After the Curtners indorsed the bills of lading in blank on the back "Curtner Co.," it was assigned to defendant in error, together with the drafts drawn in their favor, and thereafter they laid no claim whatever to the hay. They were given credit for the amount of the drafts by the Bank. When the deliveries of the drafts and bills of lading to defendant in error were made, they owed overdrafts. When Curtner Co. brought the bills of lading indorsed in blank with the drafts made out to the bank, it was deposited to their account, and credit given for the amount of each draft, in their passbook, without any other agreement in respect to the same than is usual and customary with banks and depositors in making same in ordinary cases. If the sale had not gone through, the bank would not have credited the Curtners' account with the amount of these drafts, because the bank would not have had anything to charge it to. The testimony showed the account between the bank and the Curtners at various and sundry times, during their business dealings, overdrawn.
One of the reasons given why plaintiff in error contends that the judgment should be rendered in his favor is because they contend the relation of principal and agency existed between the bank and Curtners, and not that of debtor and creditor. And, further, among other things to prove agency, it is contended after the levy of the attachment the Curtners sold the hay; thereby it shows they were exercising ownership. The question of agency is one of fact and the court has found against this contention. As the Curtners were accustomed to handling and selling hay, and interested in its bringing a good price, we do not see why, after the levy and replevy, the bank might not be justified in doing this very thing, in the absence of any allegation and proof of fraud.

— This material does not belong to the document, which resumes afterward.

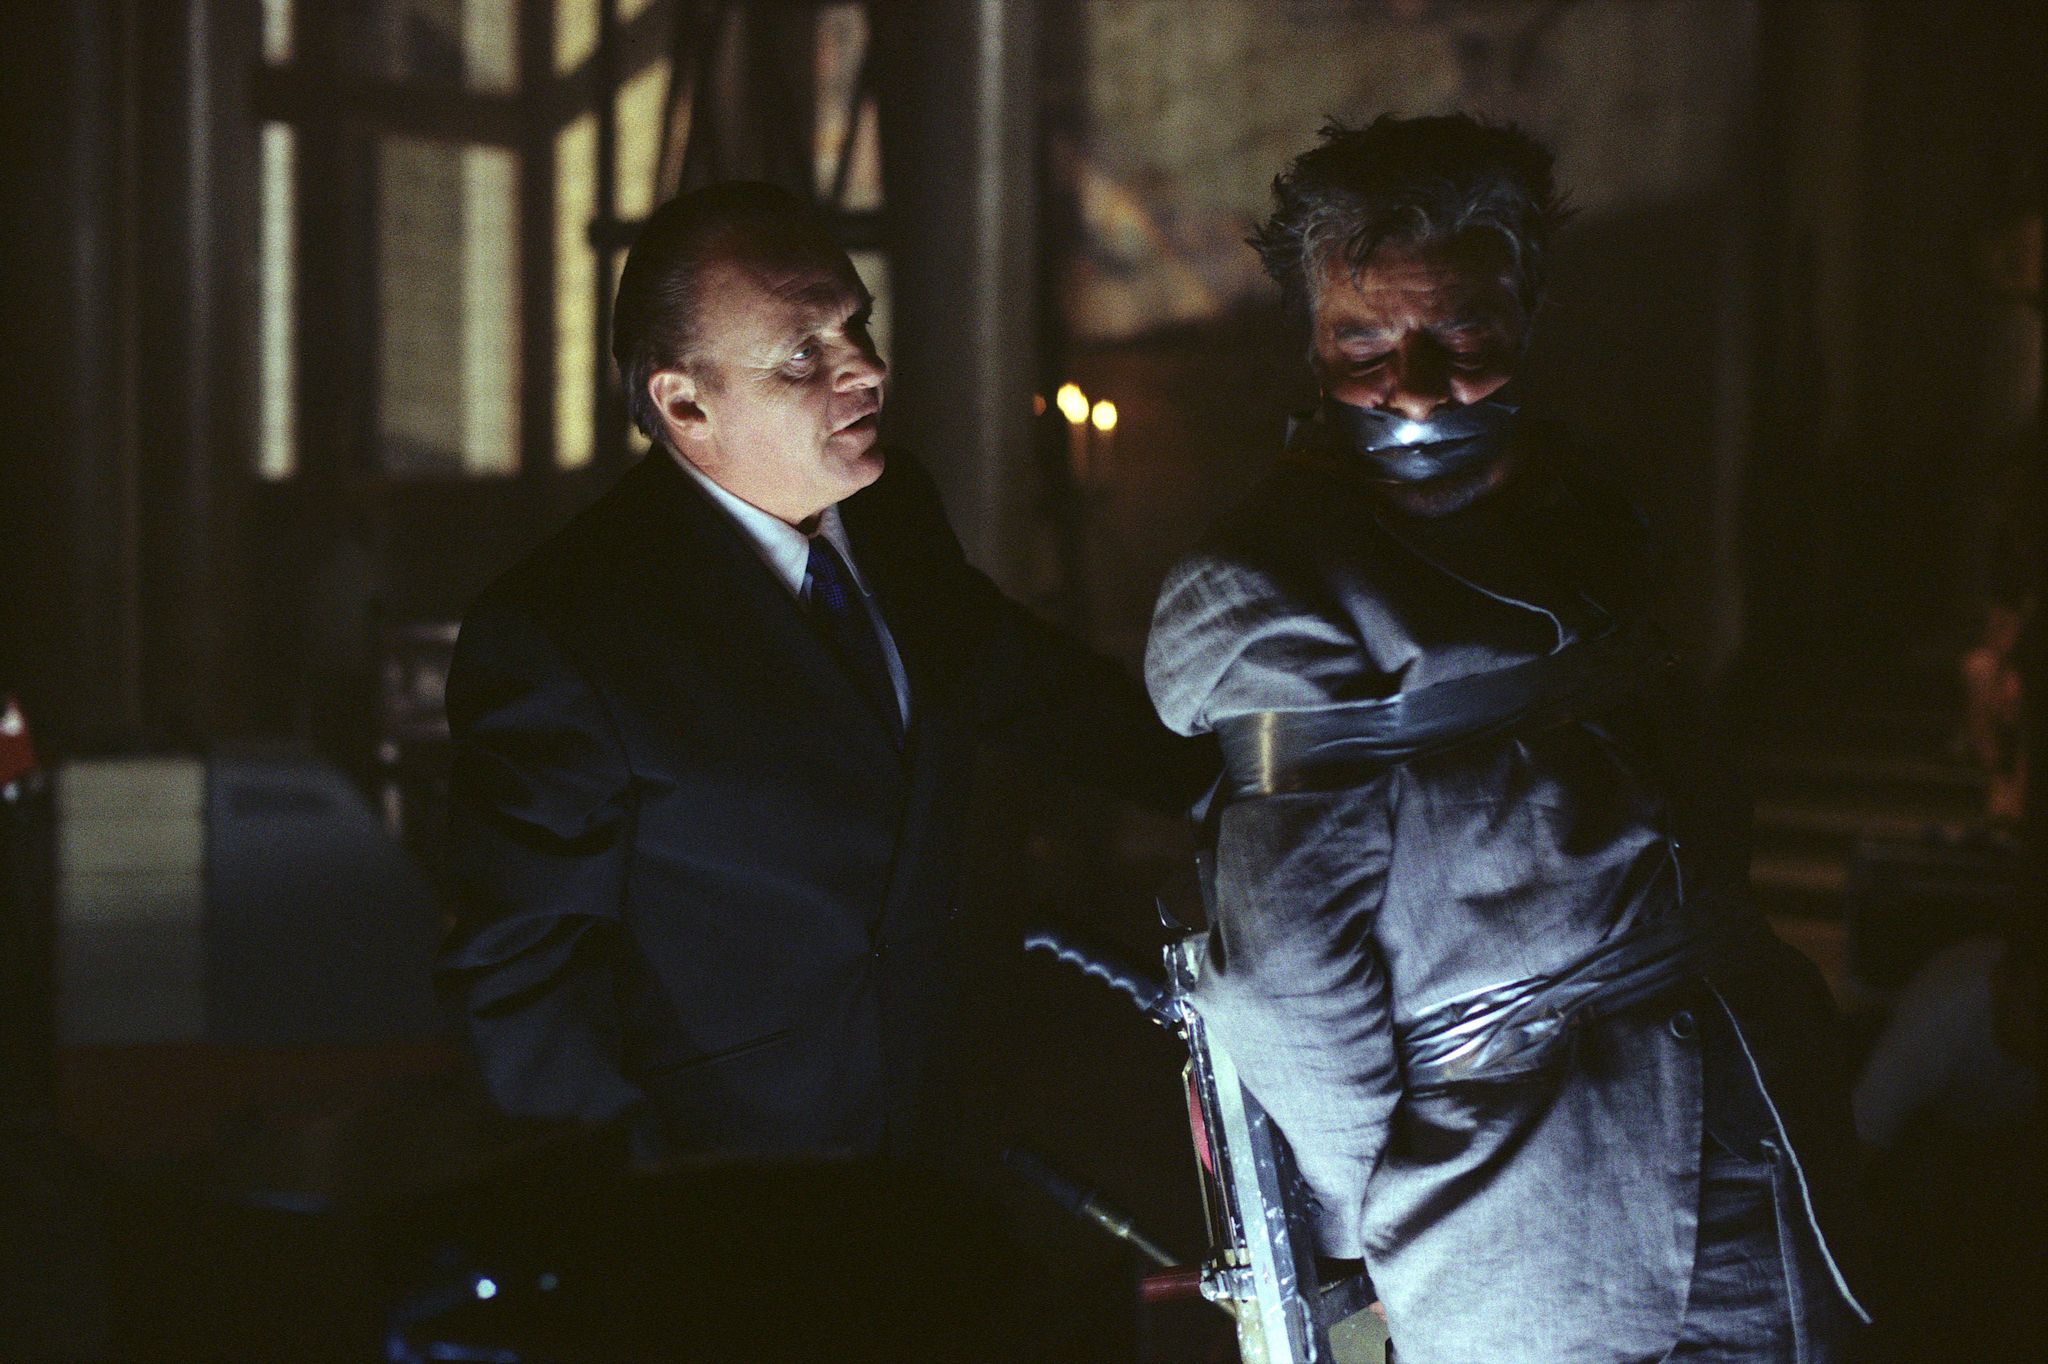 Still of Anthony Hopkins and Giancarlo Giannini in Hannibal (2001)
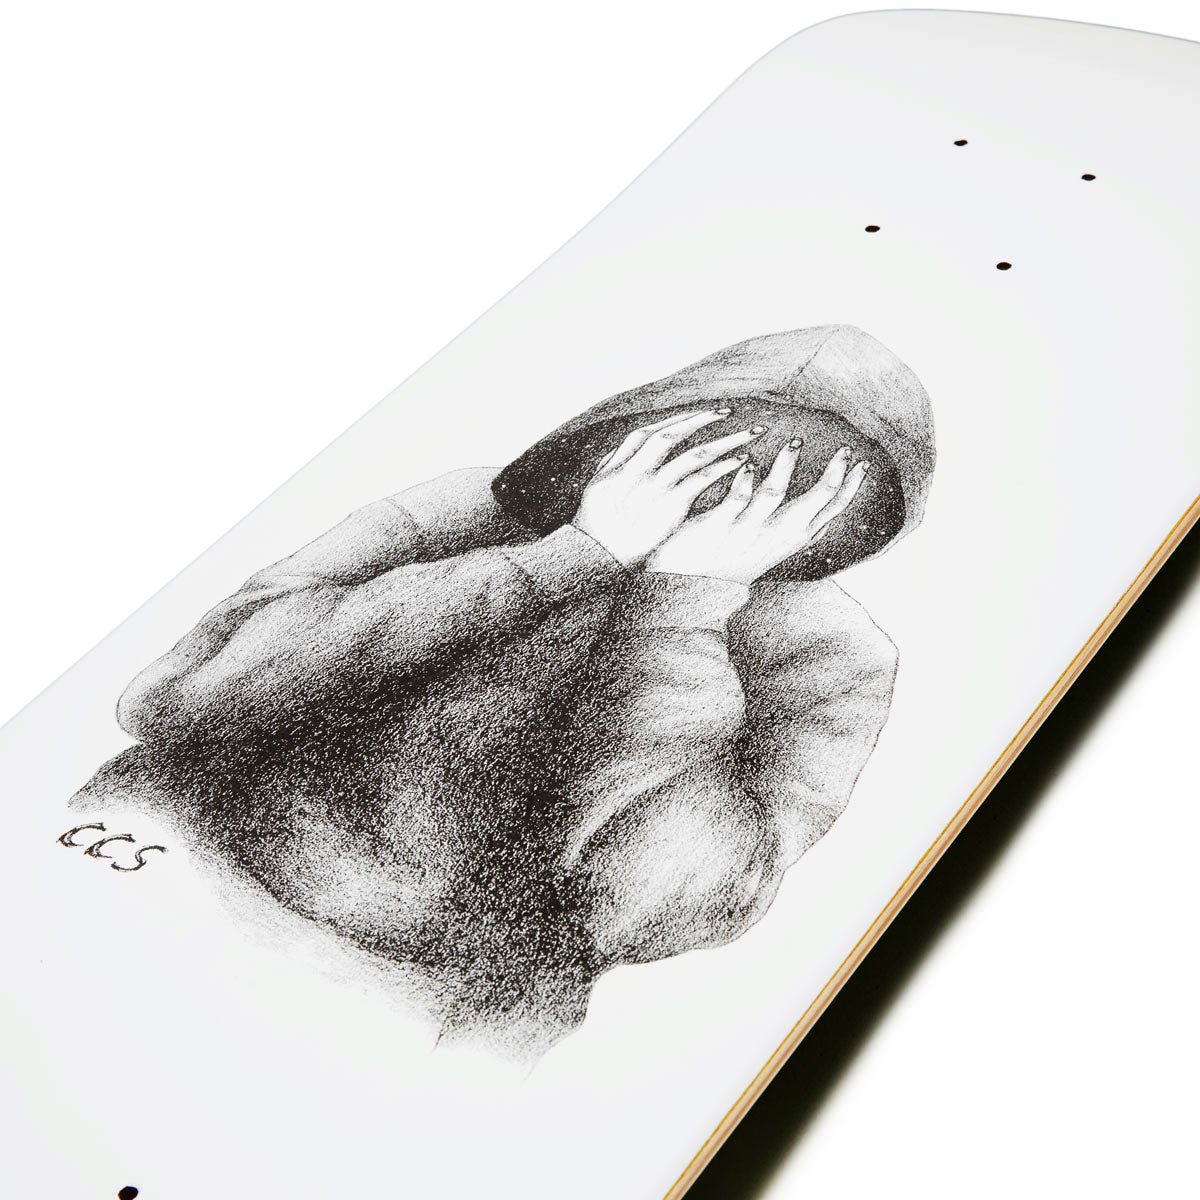 CCS Smile on The Surface Skateboard Deck - White image 3

Both parties cite numerous authorities to sustain their contentions. But we believe the law to be that when, as in this case, the assignment and delivery of a bill of lading for the hay, together with draft drawn in their favor on the bank, accepted by the bank, and entered to their credit, as well as in their passbook, and allowing them to draw on the deposit draft, passed the title to the bank of the hay, and of course would not be subject to attachment, nor would the proceeds be subject to garnishment. West Tex. Bank v. Wichita Mill Elevator Co., 194 S.W. 835; W. F. Wilson Grain Co. v. Central Nat. Bank, 139 S.W. 996; Bank v. Davis, 178 S.W. 671; Vaughan v. F. M. Nat. Bank of Alvord, 59 Tex. Civ. App. 380, 126 S.W. 690; Burton v. U.S., 196 U.S. 283, 25 Sup.Ct. 243, 49 L.Ed. 482; Citizens' State Bank v. Ferson, 208 S.W. 137; Com. Nat. Bank v. Heid Bros., 226 S.W. 809.
Every issue of fact urged by plaintiff in error to induce us to render the judgment in his favor has been found by the trial court against him. We do not think there is any reversible error assigned. The assignments are overruled, and the judgment of the trial court is affirmed.